There is a suggestion to have two panels, medical and legal, to help with categorising people into levels within tariffs. Sir Robert explained how lawyers had become increasingly able to use precedent and published guidance to come up with equivalences. After any reference to the panels, should someone feel they are still not satisfied, there would be some kind of review systems. He thought it would be in everyone’s interest to stay as far away as possible from the courts. His recommendation was to set up an “arms-length body” (ALB) to administer the compensation scheme, which would be separate from Government.
The actual Recommendations (19 of them) were quickly reviewed by Counsel to check there was a general/common understanding about what they meant. Sir Robert had sought to draw a relationship between his bespoke scheme and common law settlement amounts.

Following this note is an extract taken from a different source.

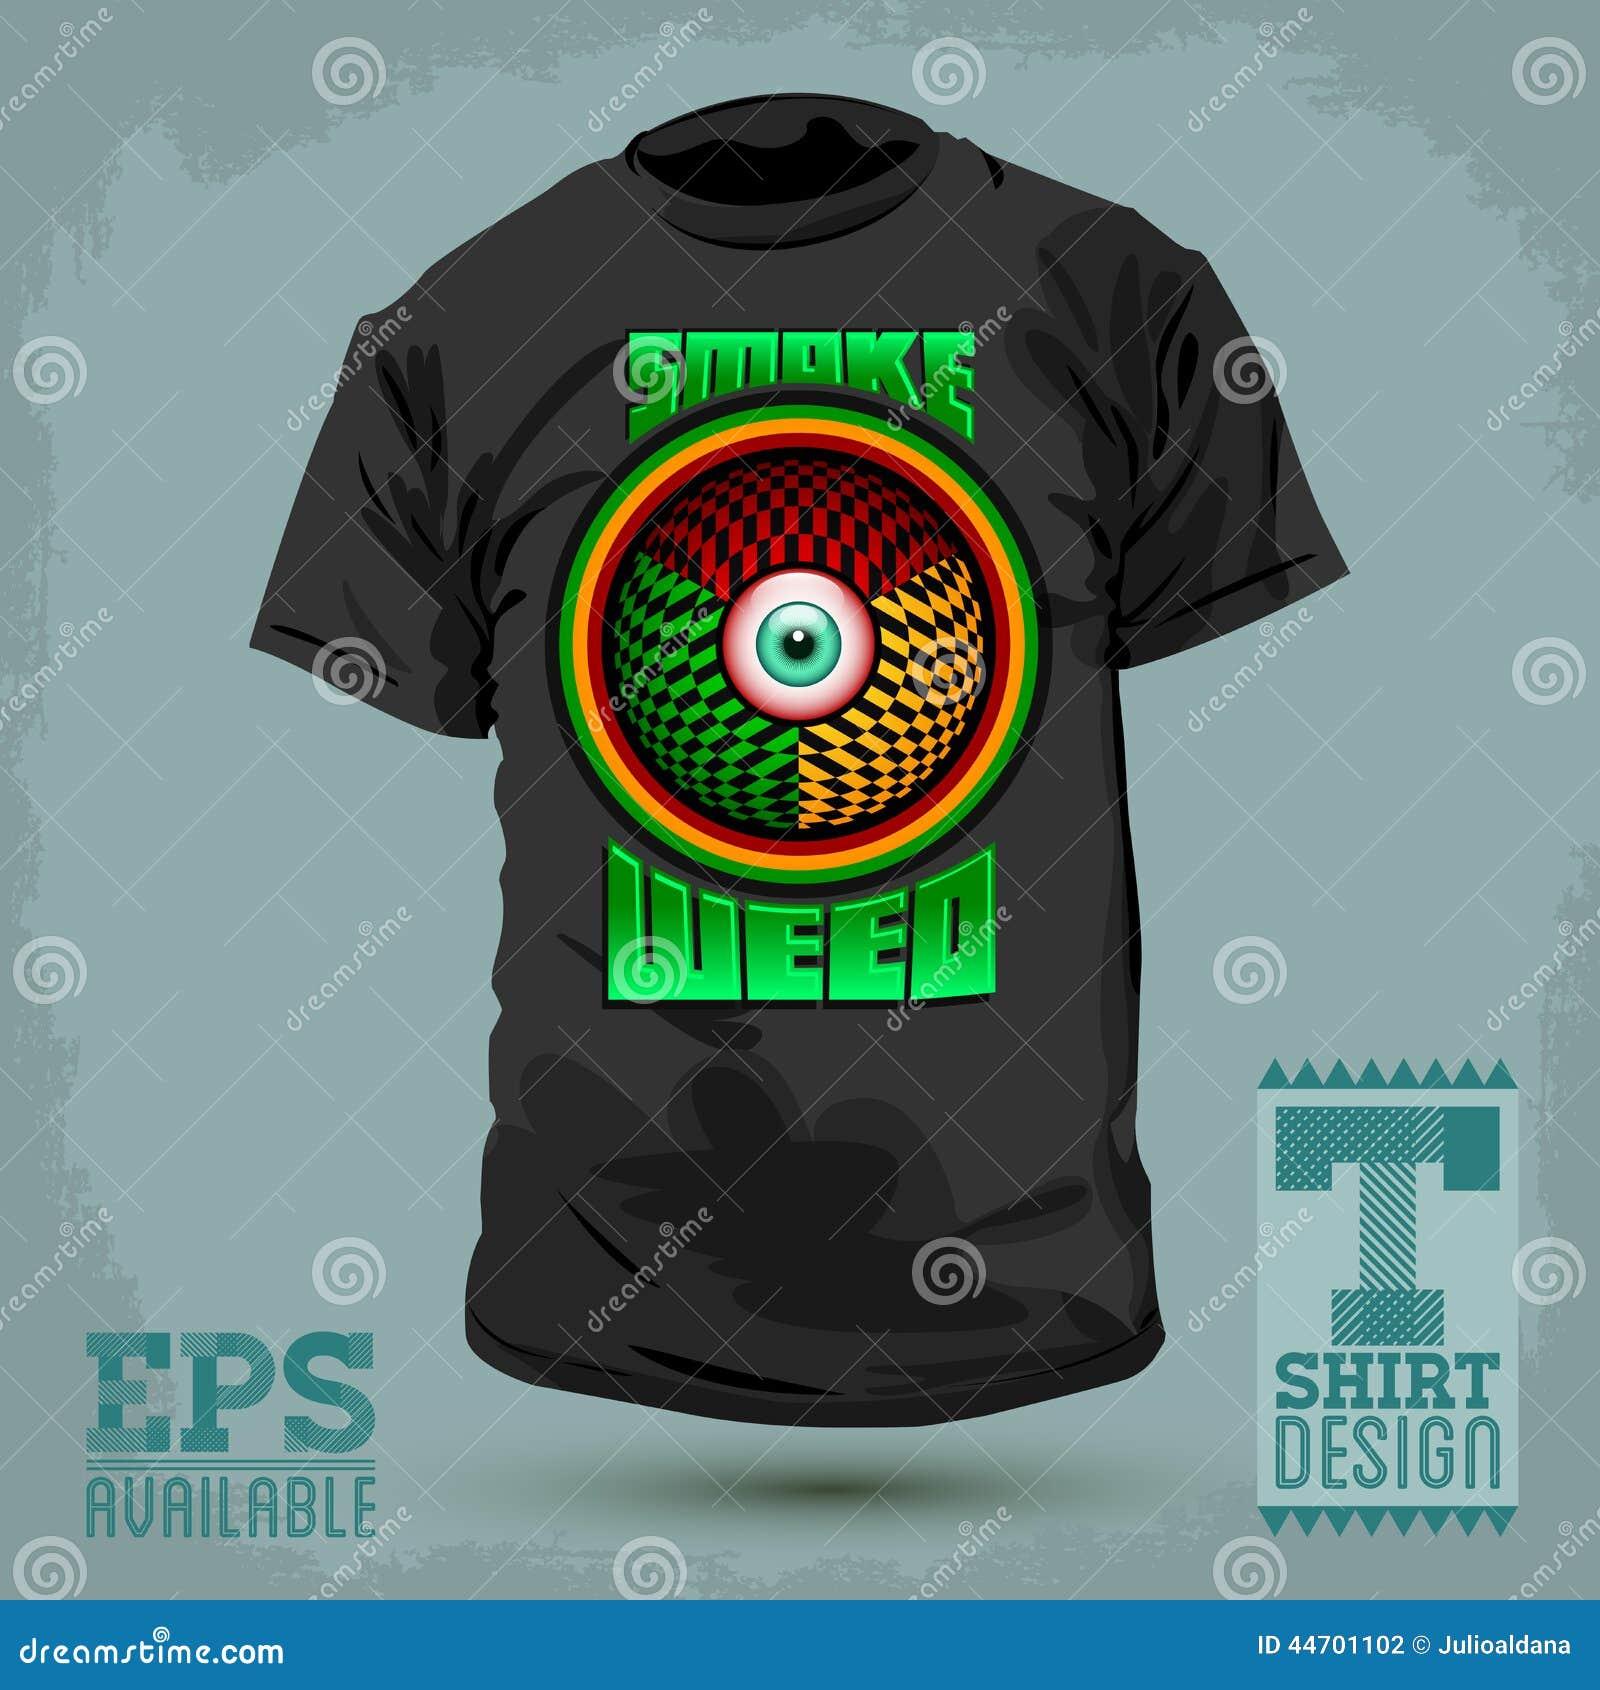 Shirt design red - Graphic T Shirt Design Smoke Weed Badge Red Eye Icon

Before dealing with each Recommendation, Counsel returned to the “moral case” for compensation as the witness stated there is. One of the special features of this case, whether or not they include fault, was that all those infected have had their injuries inflicted by the State. Further, the way the State had sought to avoid dealing with the matter, had made things far worse, especially since it had probably been avoidable in the first place. Many of the delays by Government were based on the need to avoid liability, rather than concentrating on the moral case. The John Major comment that “It should never have happened”, was seen as an admission of having a responsibility to respond morally, regardless of whether or not negligence was involved. Before breaking, Sir Brian sought a clarifying comment on the recommendation of setting up an ALB, given the issues with, for example, the Macfarlane Trust. The Chair asked if the Courts and Tribunal Service has been considered a suitable option to fill the role of the ALB. The witness was not convinced the Tribunal Service could provide the kind of care and support required by this groups of people. It may have a role in any appeals process.